**Required work**
Lines from the one containing "Varilight XO1W Value" through the end of the listing are what is wanted, given again exactly with both ends included and pictures left out.

#### Raw data

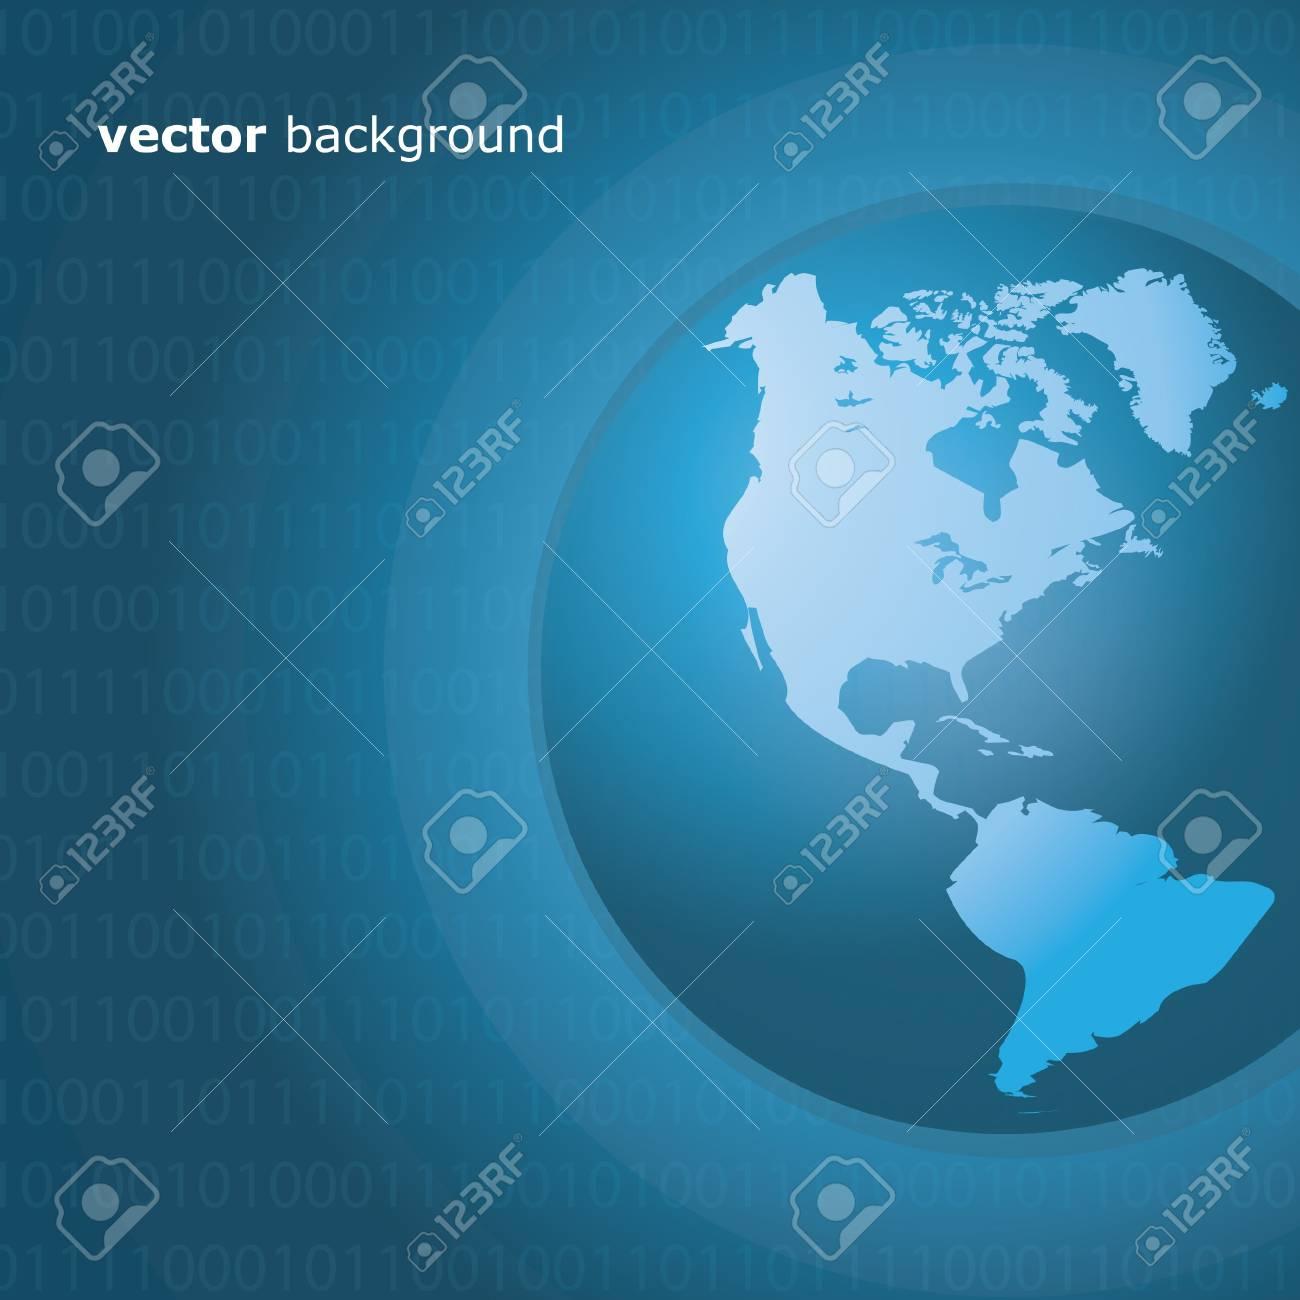 Worldwide Information Background Stock Vector - 11126759
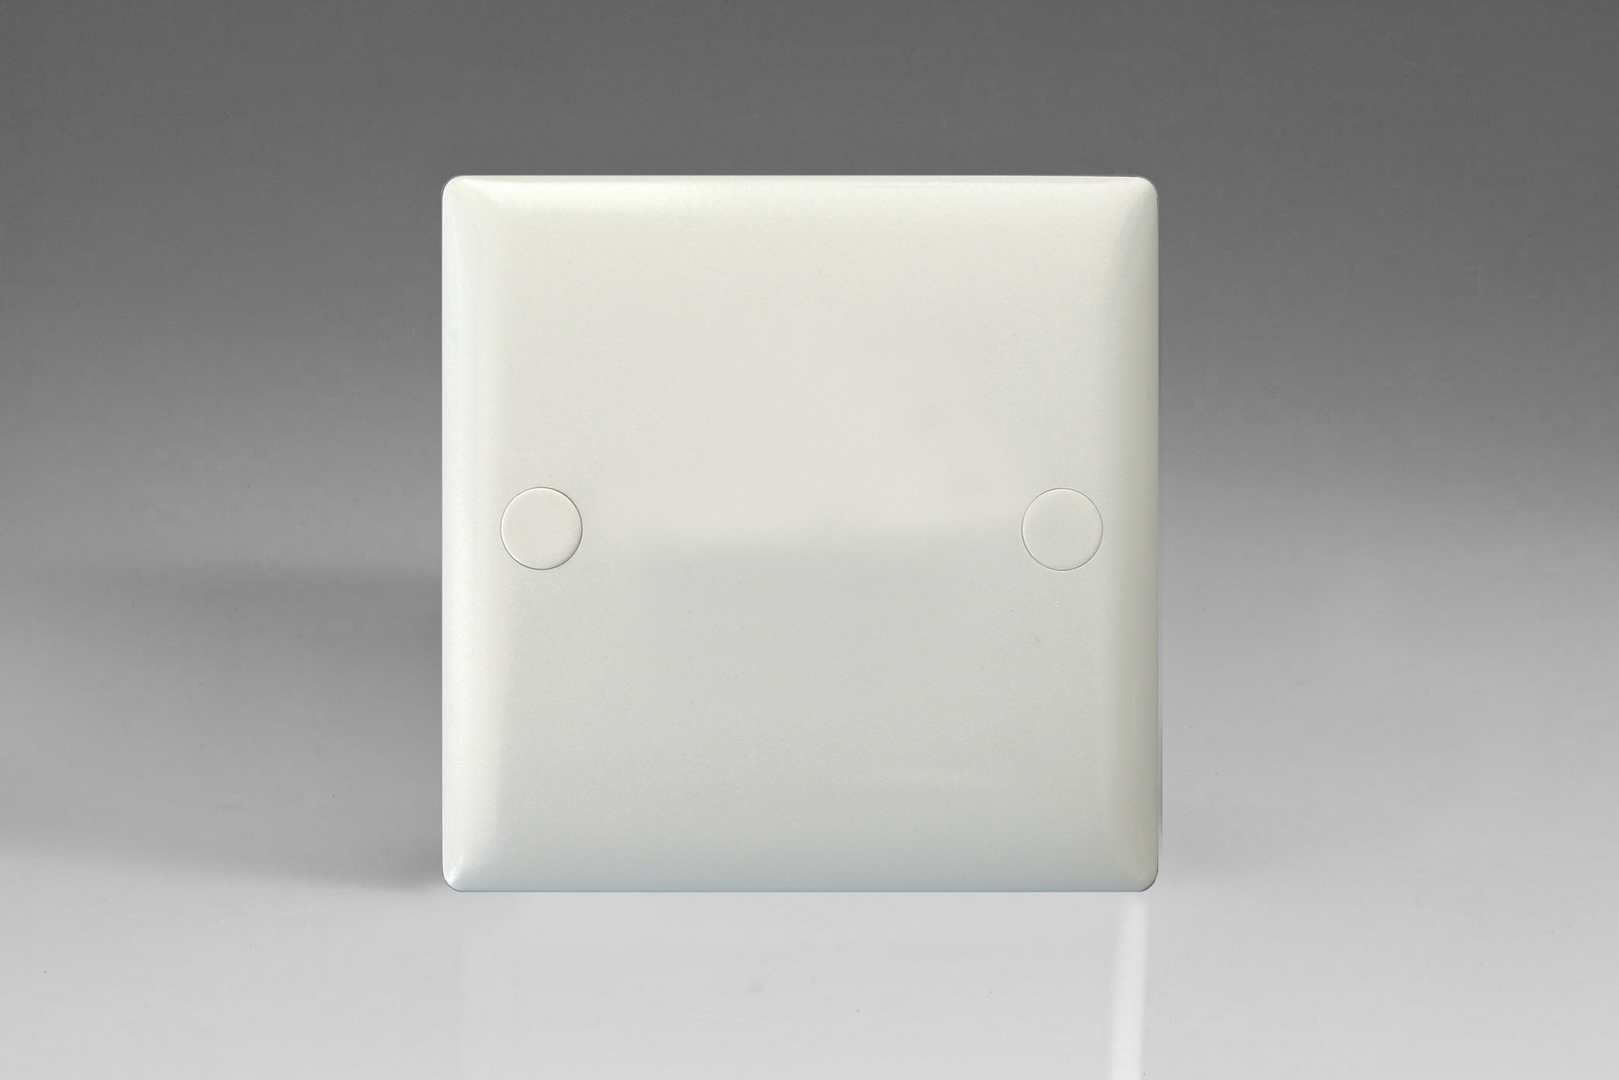 Varilight XO1W Value Polar White 1 Gang 10A 1 or 2 Way Rocker Light Switch
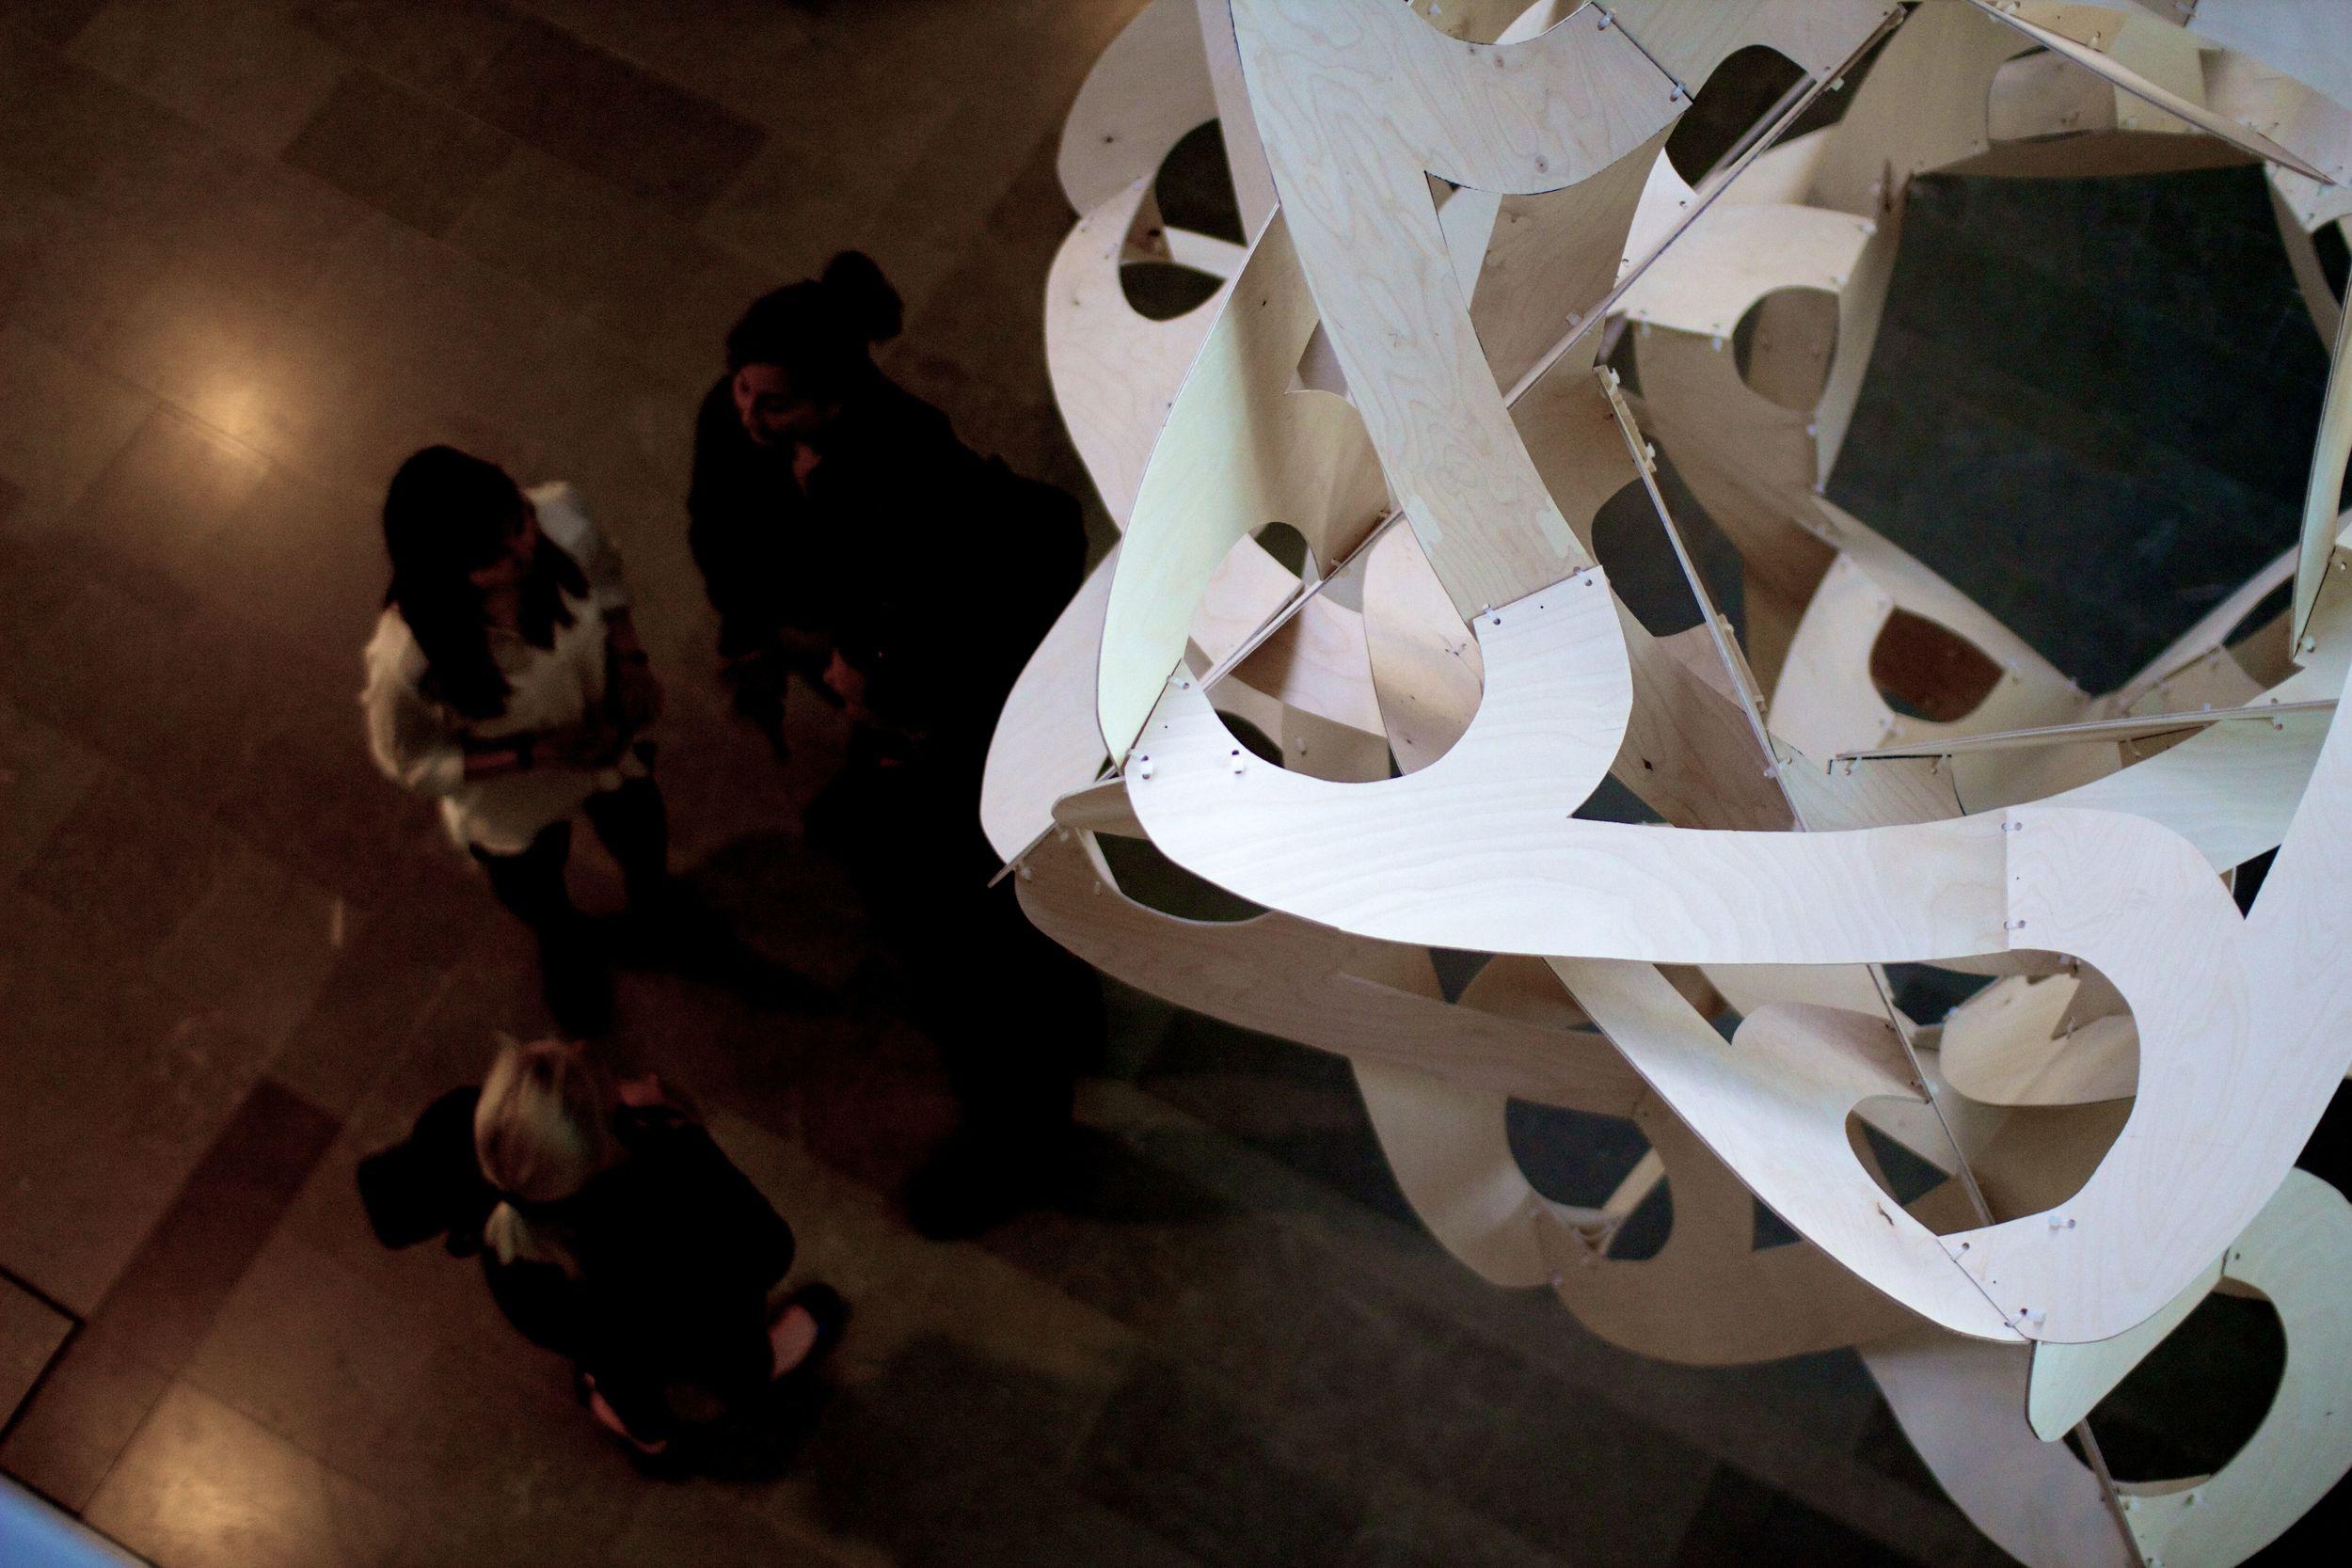 Aalto_Sculptures_1_Eero_Kaarlehto.jpg

########

**Response to the task**
 Varilight XO1W Value Polar White 1 Gang 10A 1 or 2 Way Rocker Light Switch
 Aalto_Sculptures_1_Eero_Kaarlehto.jpg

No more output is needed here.